I nodded, trying not to seem too eager, not to bury my face into his neck. “You are not vile,” I whispered softly. I searched for his gaze and found it—so empty, so sad. The eyes that had for so long given up searching.

“I find it hard to remember with you,” he said, his voice thick with emotion.

“You are not vile,” I repeated with everything I had in me, speaking directly to that emptiness, that sadness. “I want to surrender to you. I want to.”

He nodded tightly. “Then you can’t chase your pleasure. That is a selfish act. Surrender it to me. I’ll tell you when you can have your release.”

I nodded.

He smoothed back my hair, and I leaned my face into his naked hands. They felt so cool against my feverish forehead. He kissed me, mouth hard against mine, and I didn’t know whether I should respond, so I laid there and took his mouth and felt the press of his hands on my breasts.
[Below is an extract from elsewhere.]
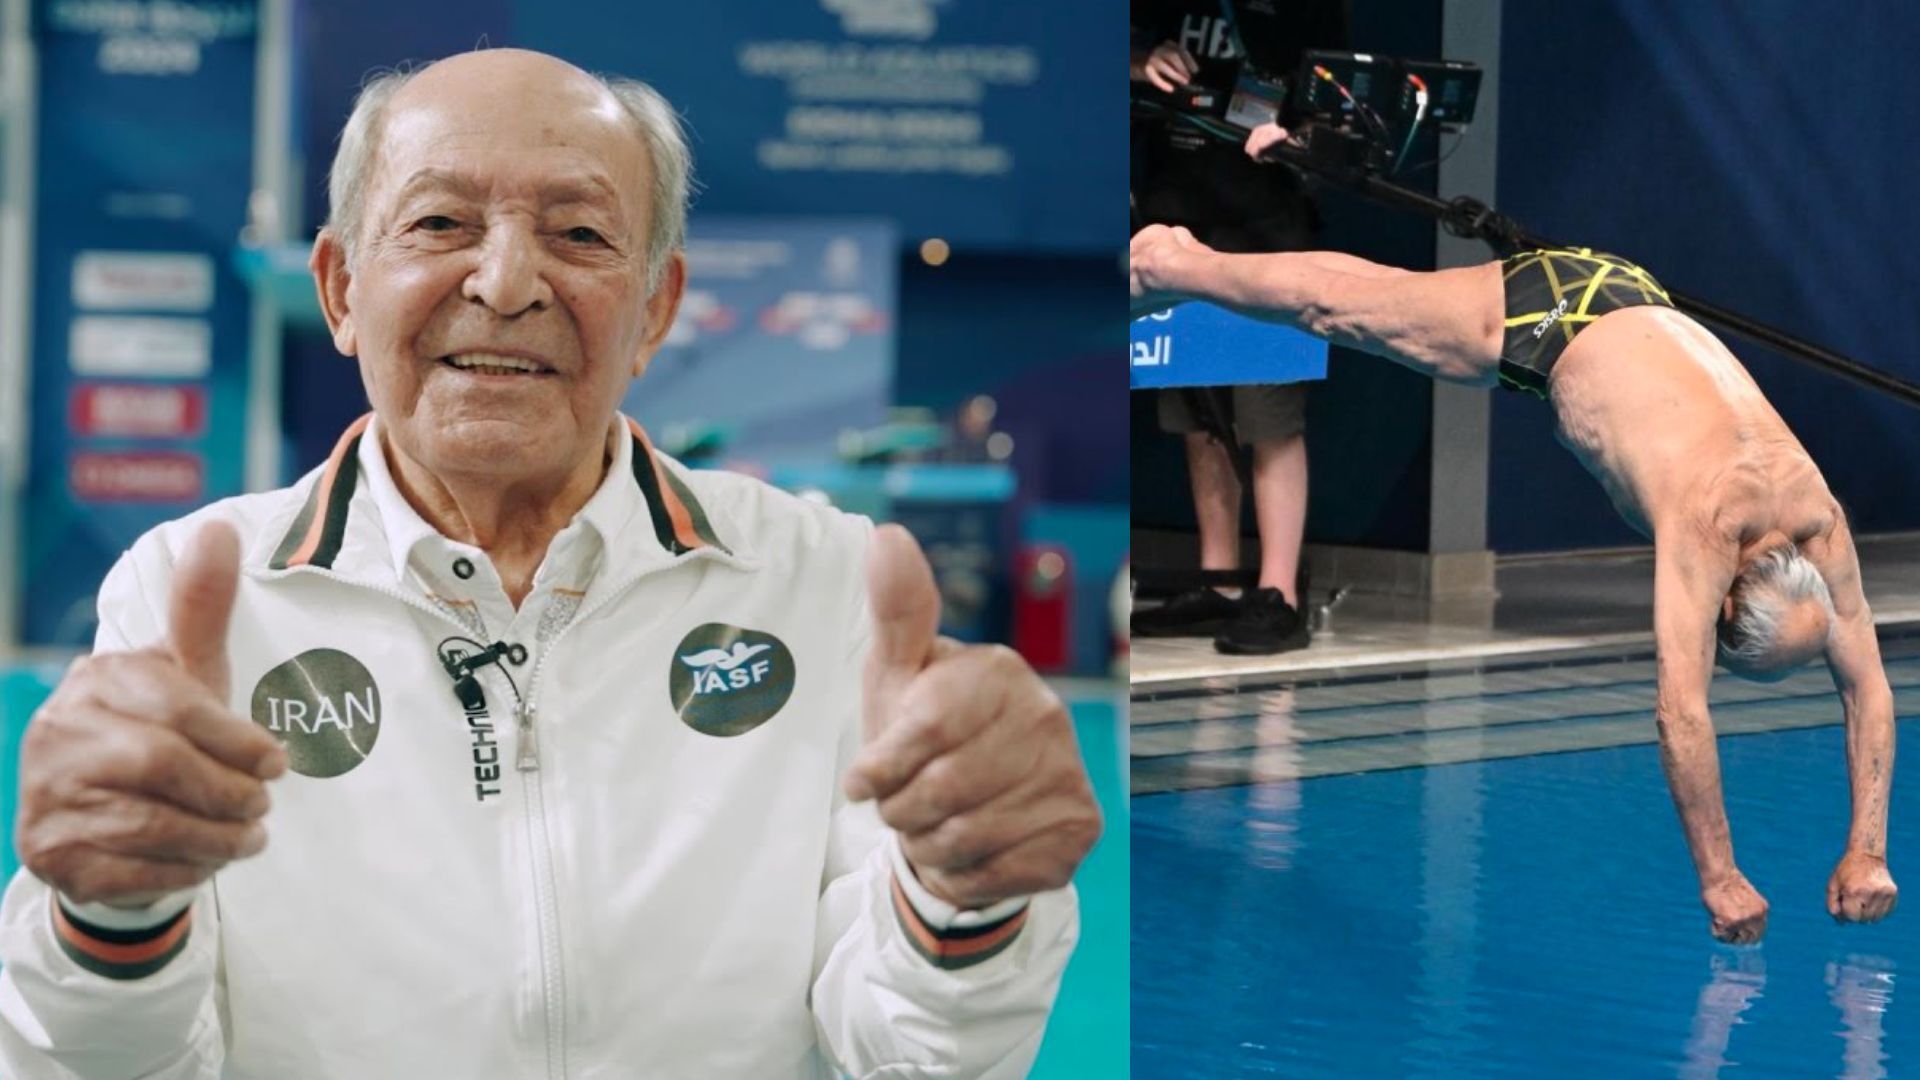 Age is just a number for this 100-year-old diver

In that moment, I was frustrated with myself—though of course, looking back, I understood why I felt the way I did.

I could not understand it then. It felt so wretchedly human, and my mind could not escape the humanity of it.

The flesh on flesh. The push of his staff into my thighs.

I parted my legs for him, and as much as I relished the press of him, the way he came undone, I also felt nauseated and panicky and like I just wanted to close my eyes and be far away.

This was all I wanted. I wanted Death’s sweat on my skin.

I wanted his hold on my body. I wanted everything that happened, so why couldn’t I feel it?

He entered me and sank deep into my body with a sigh and I relished it, relished the grip I could hold on to him—and also felt empty.

I had expected the abyss, for him to smell the lightning on my skin finally, for us to enter that place together, that dizzying starscape.

But it was just … human. He told me not to come, told me to feel miserable, to hate him, and I whimpered out agreement, sweating and dizzy and feeling sicker by the moment. I was grateful it seemed pleasing to him.

When it was over, I stood up and retched onto the floor.

He wrung a rag out in a washbasin and began to gently, tenderly clean my skin, my hair, my entire body. I had the sense of a corpse being washed for burial. But the water was cool against my feverish head, and then, I knew no more.